His cross-cultural expertise has brought him to speak on Capital Hill, D.C. think tanks, the Pentagon, Dept. of Defense, libraries, outdoor groups, universities, schools, churches, mosques, synagogues, business and civic groups, women's organizations and more. From March 2006 through 2007, he has visited over 110 cities to talk about his message of peace through education.
NBC newscaster, Tom Brokaw, calls Mortenson, “one ordinary person, with the right combination of character and determination, who is really changing the world”.
Congresswoman Mary Bono (Rep – Cali.) says, "I've learned more from Greg Mortenson about the causes of terrorism than I did during all our briefings on Capitol Hill. He is a true hero, whose creativity, courage, and compassion exemplify the true ideals of the American spirit.
Al Neuharth, founder of USA Today, and the D.C.-based Freedom Forum, says “Mortenson doesn’t just climb mountains. He moves them, and through his courage, he gives hope and has changed the lives of thousands of children in a region of turmoil considered the front lines of the war on terror”.
Mortenson advocates girls’ education as the top priority to promote economic development, peace and prosperity, and says, “you can drop bombs, hand out condoms, build roads, or put in electricity, but until the girls are educated a society won’t change”.

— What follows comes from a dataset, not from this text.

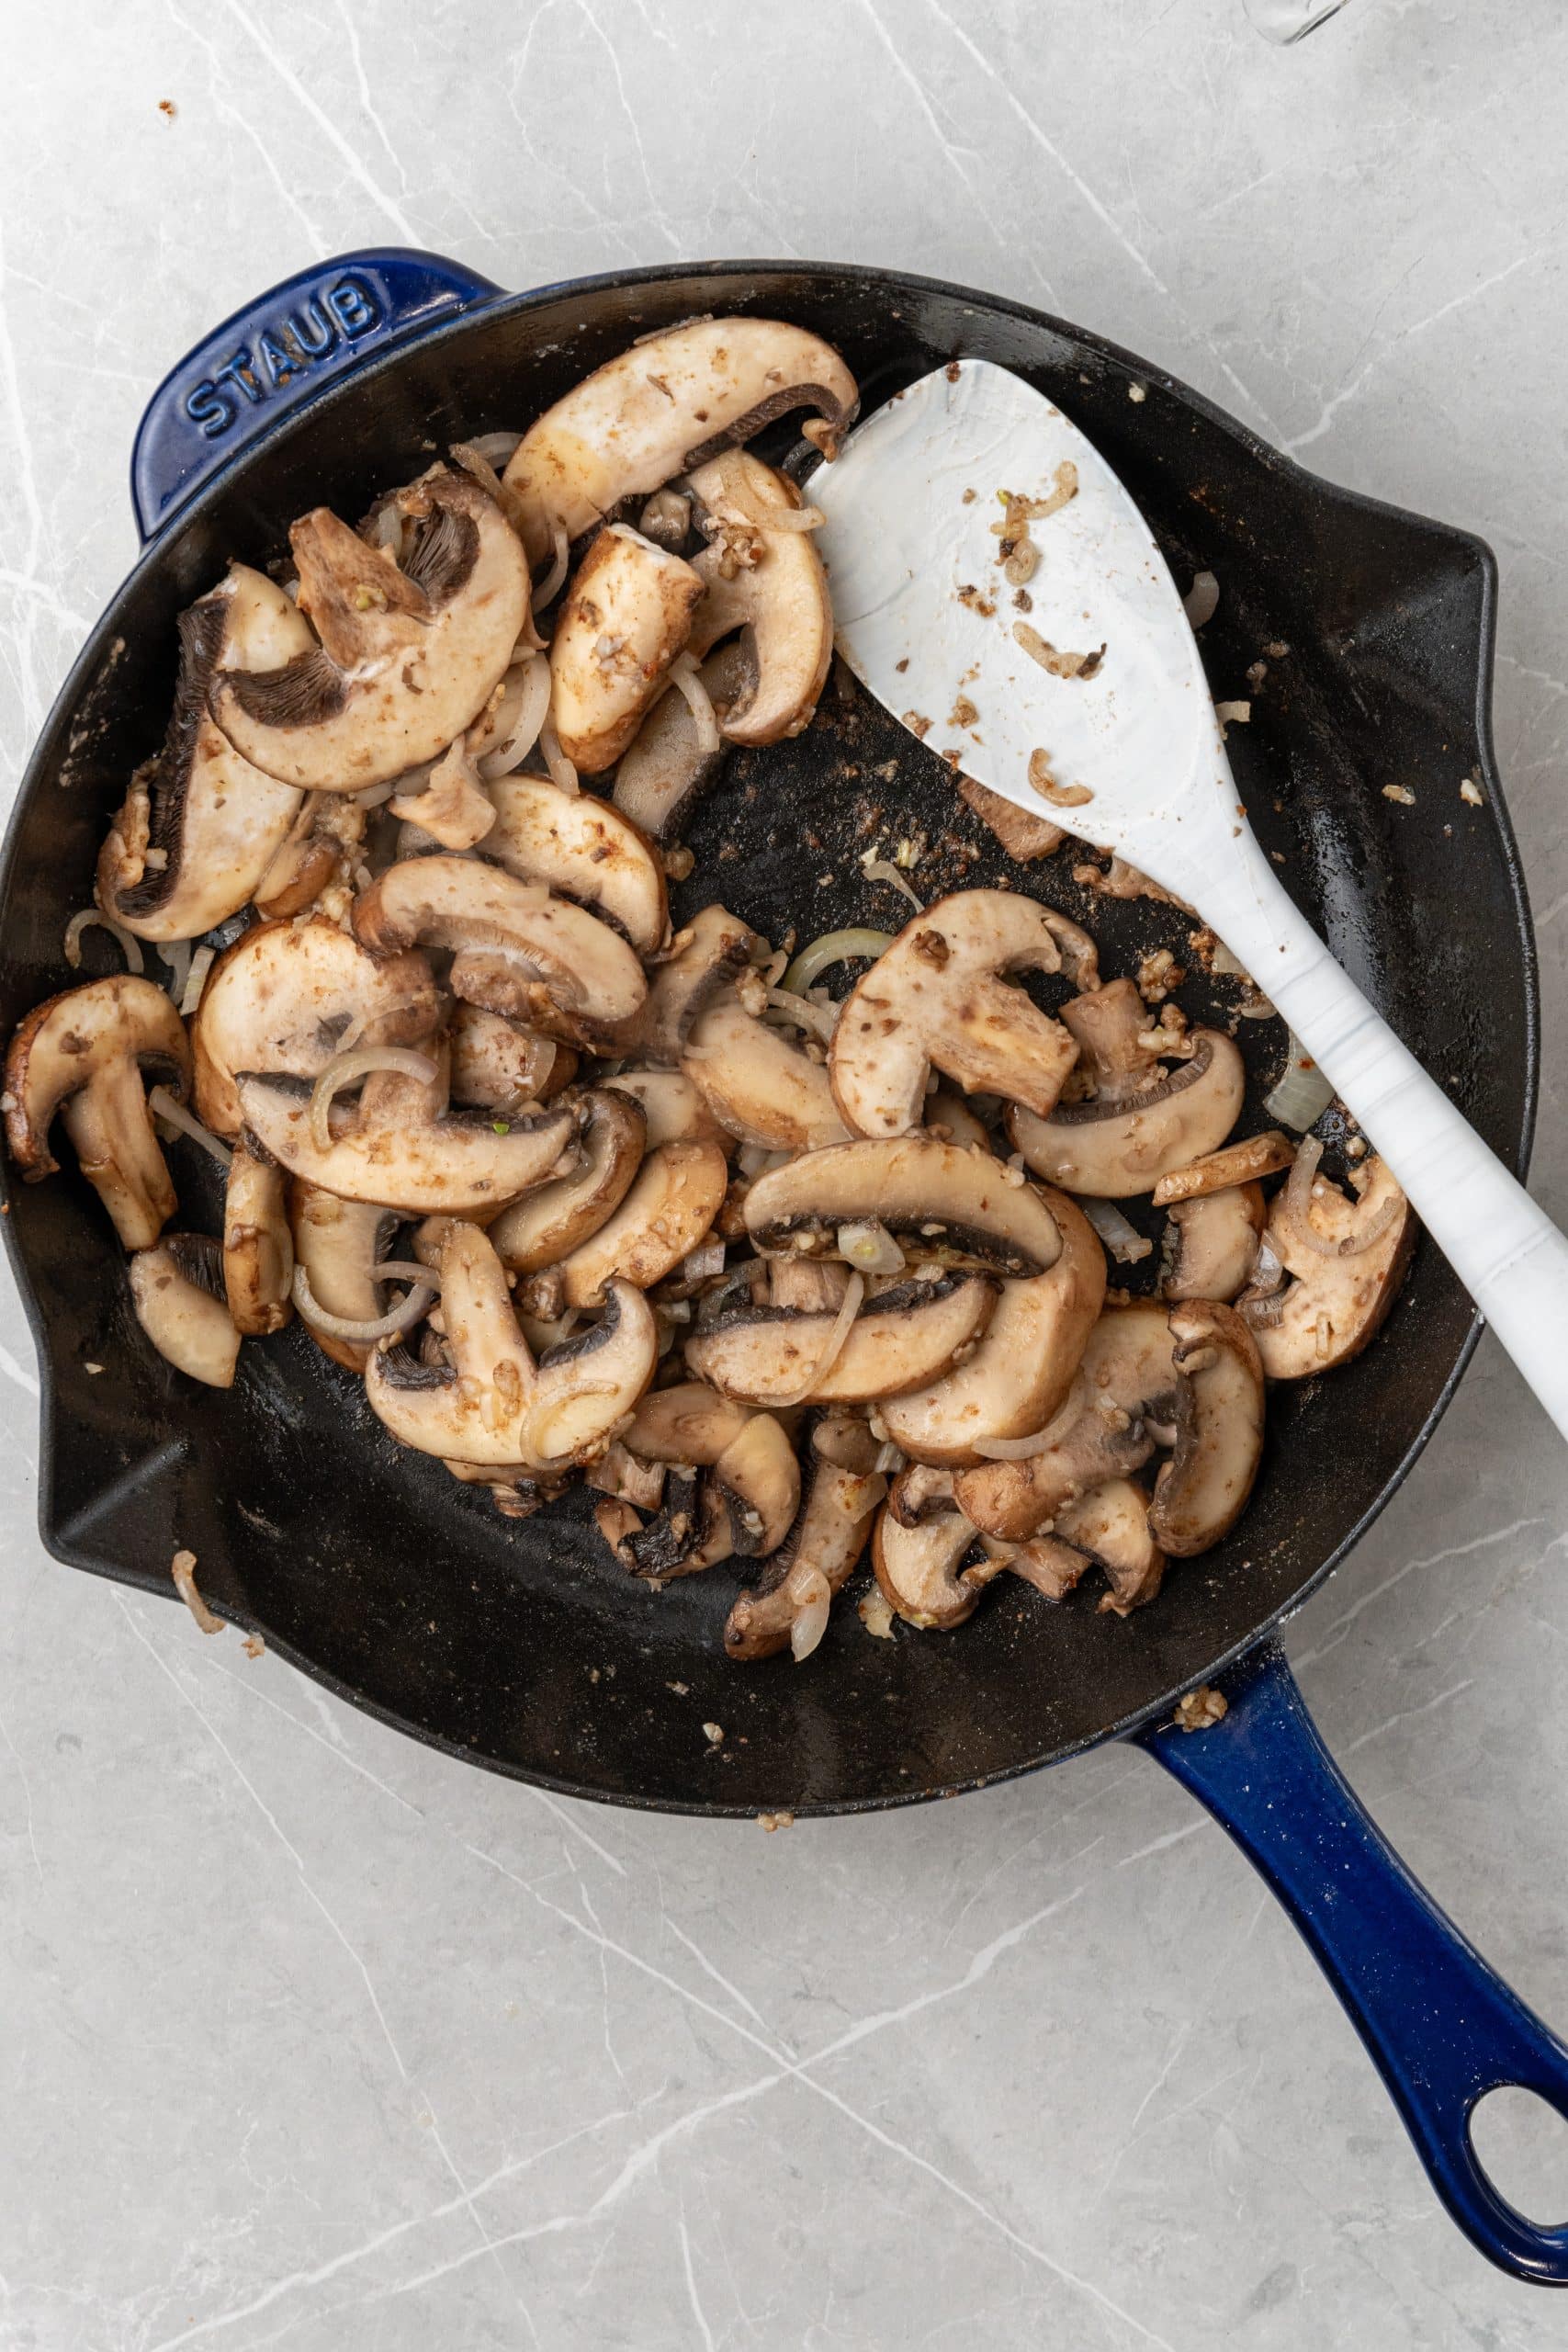 sliced onions and mushrooms cooking in butter in a cast iron skillet

While not overseas half the year, Mortenson, 49, lives in Bozeman, Montana with his wife, Dr. Tara Bishop, a clinical psychologist, and two children.
Biographies were taken from: http://www.threecupsoftea.com/AboutGreg.php
David Oliver Relin, Author of Three Cups of Tea 
David Oliver Relin is lucky enough to live in Portland, Oregon. He is the author of the New York Times bestseller Three Cups of Tea: One Man's Mission to Promote Peace...One School at a Time , which was named nonfiction winner of the 2007 Kiriyama Prize, 2007 Pacific Northwest Booksellers' Book Of The Year, Time Magazine Asia Book Of The Year, People Magazine Critic's Choice, and a BookSense Notable Title.

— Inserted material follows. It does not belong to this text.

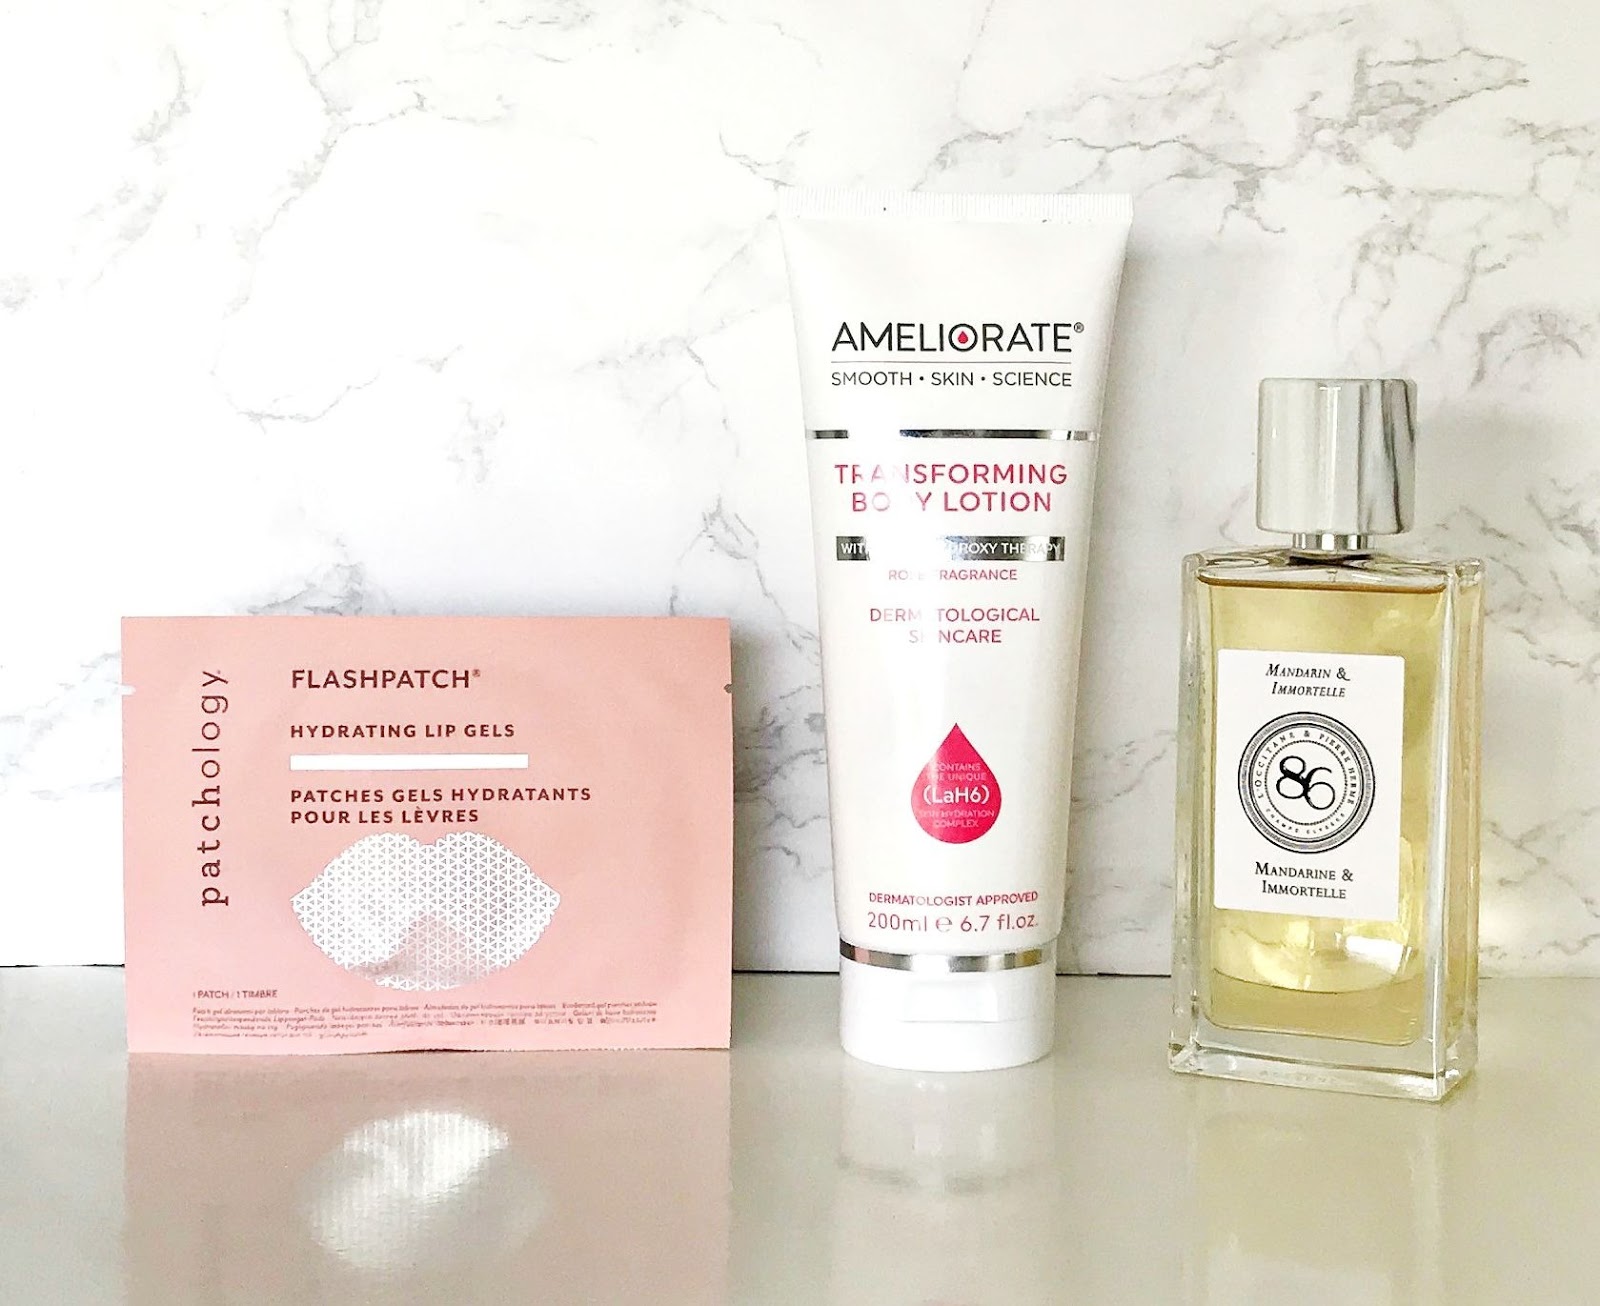 3 treats for 3 budgets, Patchology FlashPatch Hydrating Lip Gels, Ameliorate Transforming Body Lotion Rose Limited Edition, L'Occitane MANDARIN & IMMORTELLE,

Relin is a graduate of Vassar and was awarded the prestigious Teaching/Writing Fellowship at the Iowa Writer's Workshop. After Iowa, he received a Michener Fellowship to support his groundbreaking 1992 bicycle trip the length of Vietnam. He spent two additional years reporting about Vietnam opening to the world, while he was based in Hue, Vietnam's former imperial capital. In addition to Vietnam and Pakistan, he has traveled to, and/or reported from, much of East Asia.

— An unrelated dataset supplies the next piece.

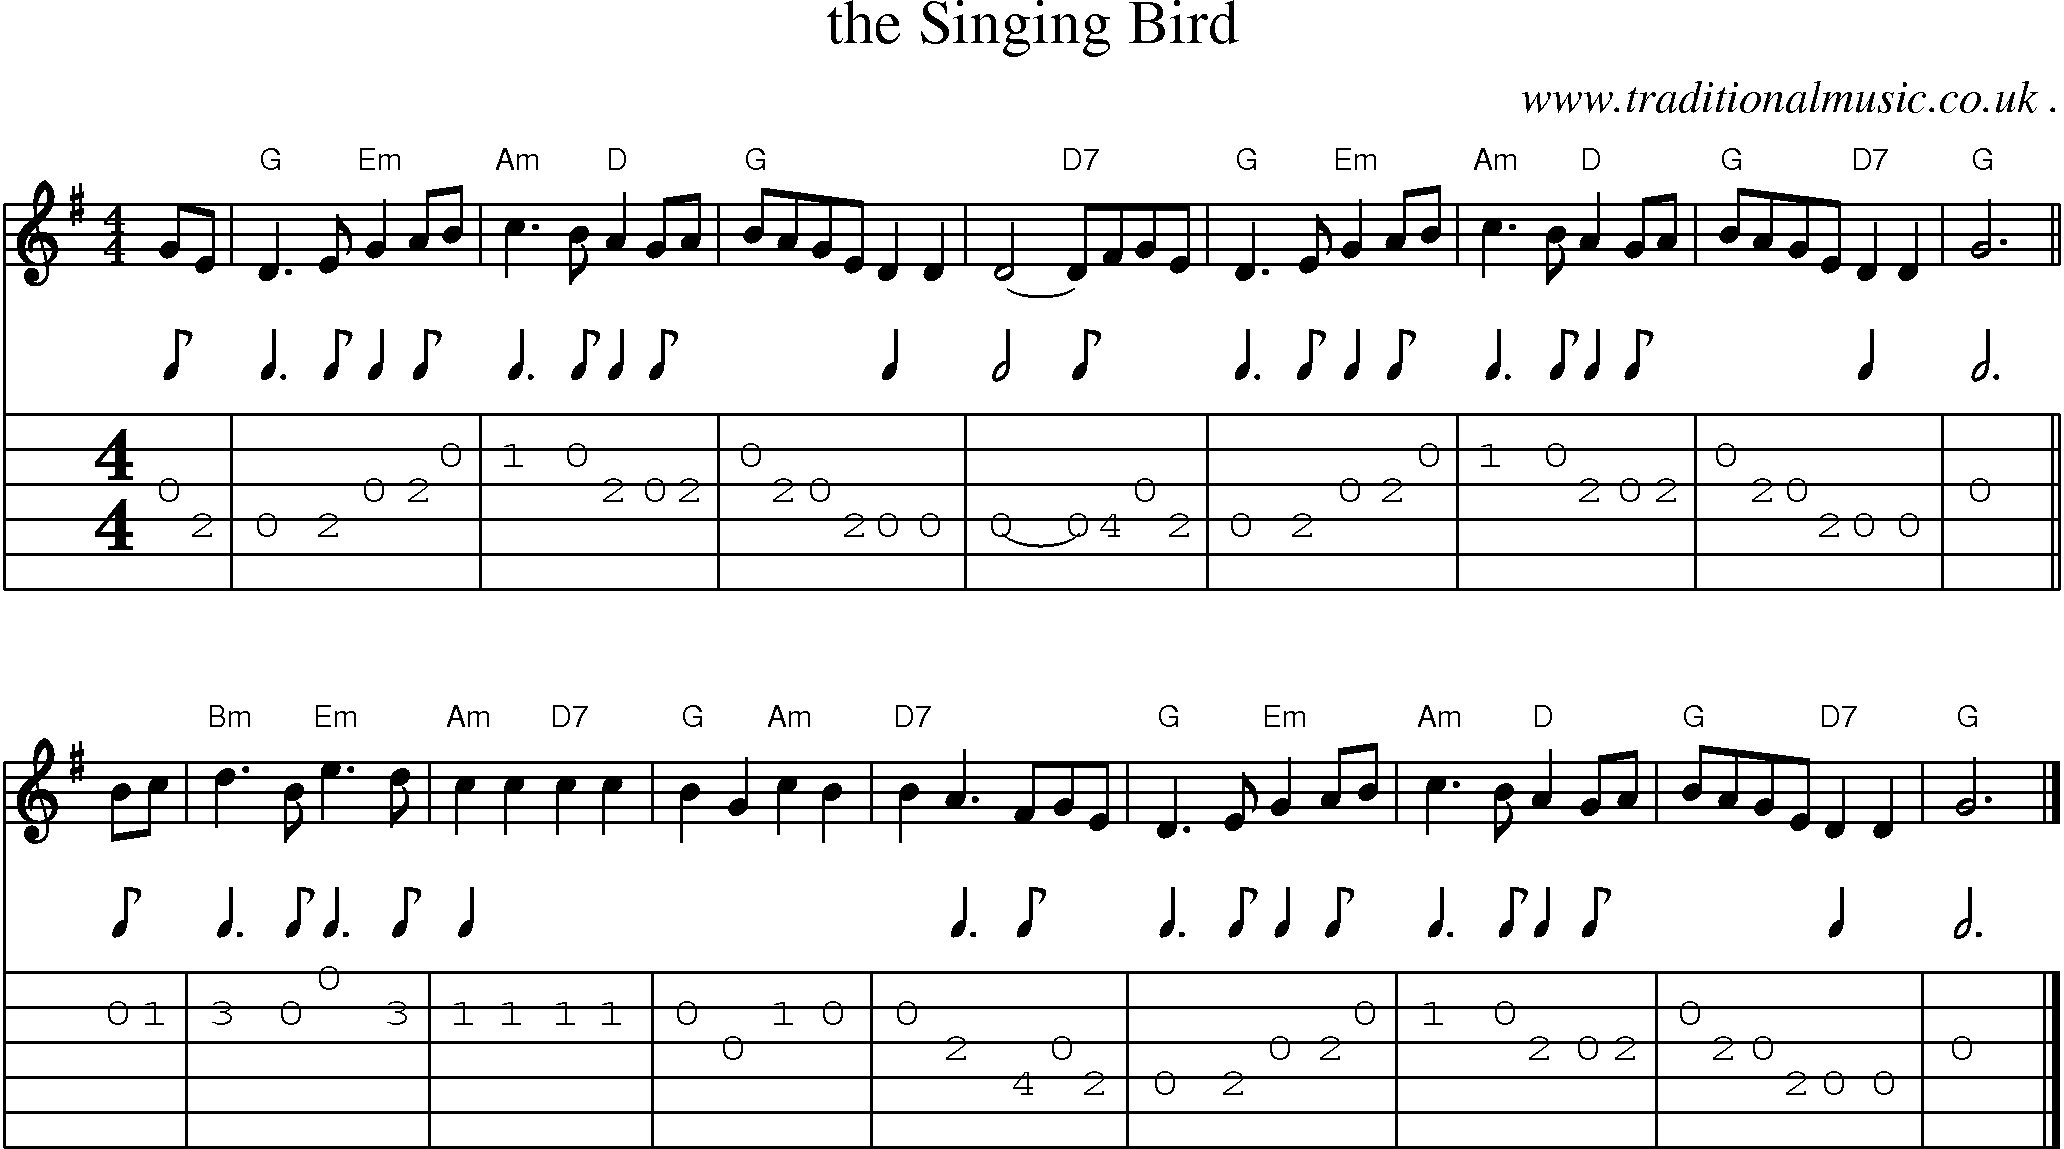 Sheet-music  score, Chords and Guitar Tabs for The Singing Bird

For two decades, Relin has focused on reporting about social issues and their effect on children, both in the U.S., and around the world. He is currently a Contributing Editor for Parade. For his work as both an editor and investigative reporter, he has won dozens of national awards. His interviews with child soldiers (including a profile of teenager Ishmael Beah, who would later write the bestseller A Long Way Gone) have been included in Amnesty International reports. And his investigation into the way the INS abused children in its custody contributed to the reorganization of that agency.
Relin is currently at work on a secret book about food, a children's book with the artist Amy Ruppel, and a novel about Vietnam.